Was groß ist, soll sich nicht klein machen

Die Erwachsenen sind älter und deshalb größer, stärker, wissender, tüchtiger, erfahrener, klüger als Kinder. Diese wissen, dass ihr Wohlergehen von der Fürsorge und dem Wohlwollen der Erwachsenen abhängt. Sie kennen die wahren Zusammenhänge und sind irritiert, wenn wir so tun, als sei es geradewegs anders herum. 

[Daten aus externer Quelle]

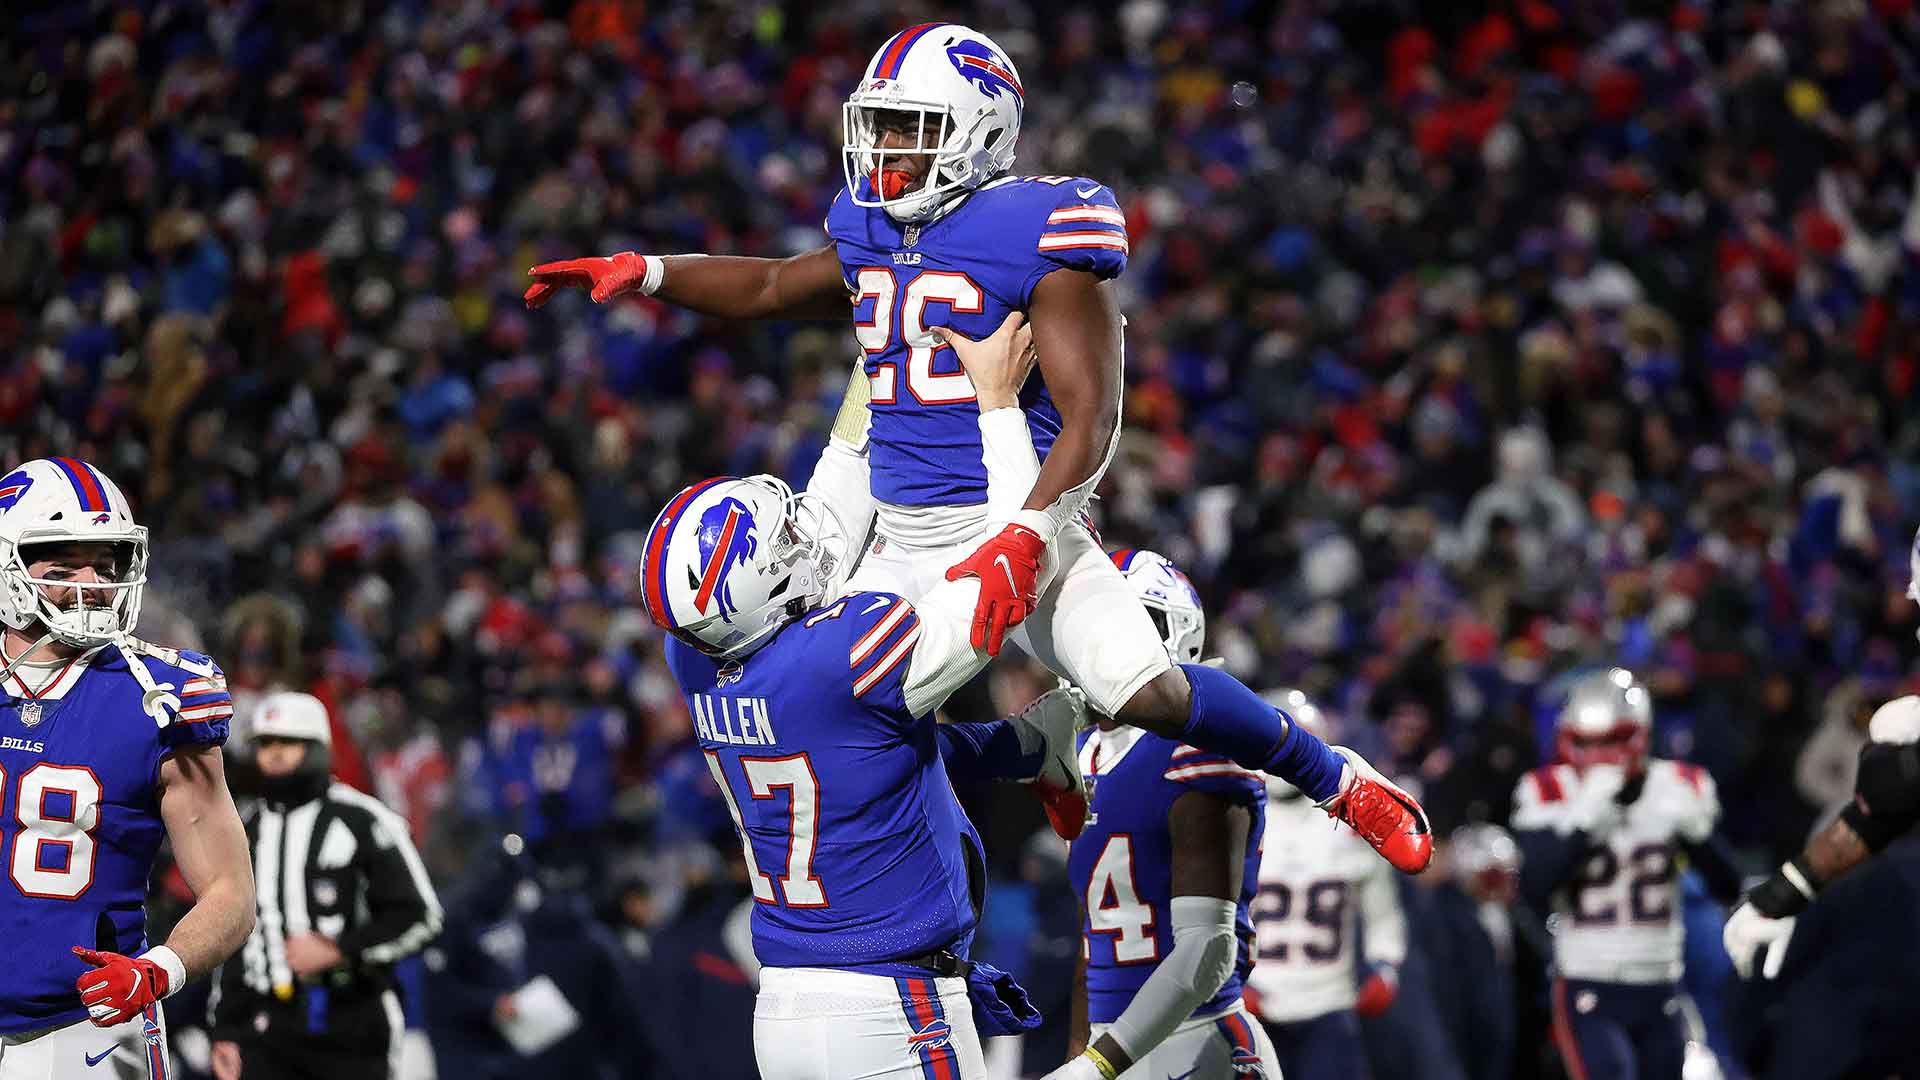 Bills rout Patriots: Key numbers to know from Buffalo's historic win

Natürlich spielen sie das Spiel „Everything-is-the-opposite-of-everything“ mit, bringt es doch einen kurzfristigen Nutzen. Wer jedoch gelernt hat, in den kleinen Gesichtern zu lesen, wird darin ein gewisses Unbehagen erkennen. Es sind deutliche Anzeichen der seelischen Nöte, welche sich bei Schiffbrüchigen einstellen, die ohne jede Orientierung auf weiter See treiben.

Respekt und Liebe

„Streng, aber gerecht!“ Das ist wohl die bestmögliche Note, welche einem Lehrer am Ende seiner Tätigkeit von ehemaligen Schülern ausgestellt werden kann. Meist schwingt in diesem Urteil nicht nur ungeteilte Hochachtung, sondern so etwas wie Liebe mit. 

Kumpanei und die im Gewande der Toleranz einherkommende Indifferenz waren noch niemals Eigenschaften, die an Lehrern oder Eltern als besonders wertvoll geschätzt worden wären. Junge Menschen haben für wankelmütige „Leuchttürme“ nun einmal nichts übrig.

Und wie steht es mit uns, die wir nun nicht mehr so jung sind? Lassen wir doch einmal vor unserem inneren Auge die Riege derjenigen defilieren, welche in unserer Gesellschaft führende Positionen bekleiden. Wer von diesen Persönlichkeiten verdient unseren Respekt? Wer nicht? Und warum?

Der Mensch lernt und reift, indem er voller Bewunderung nach „oben“ blicken darf. Er wird nicht wachsen, wenn er mangels höherstehender Objekte den Blick bloß in die Waagerechte oder nach „unten“ richten kann. Machen wir uns deshalb niemals kleiner, als wir tatsächlich sind!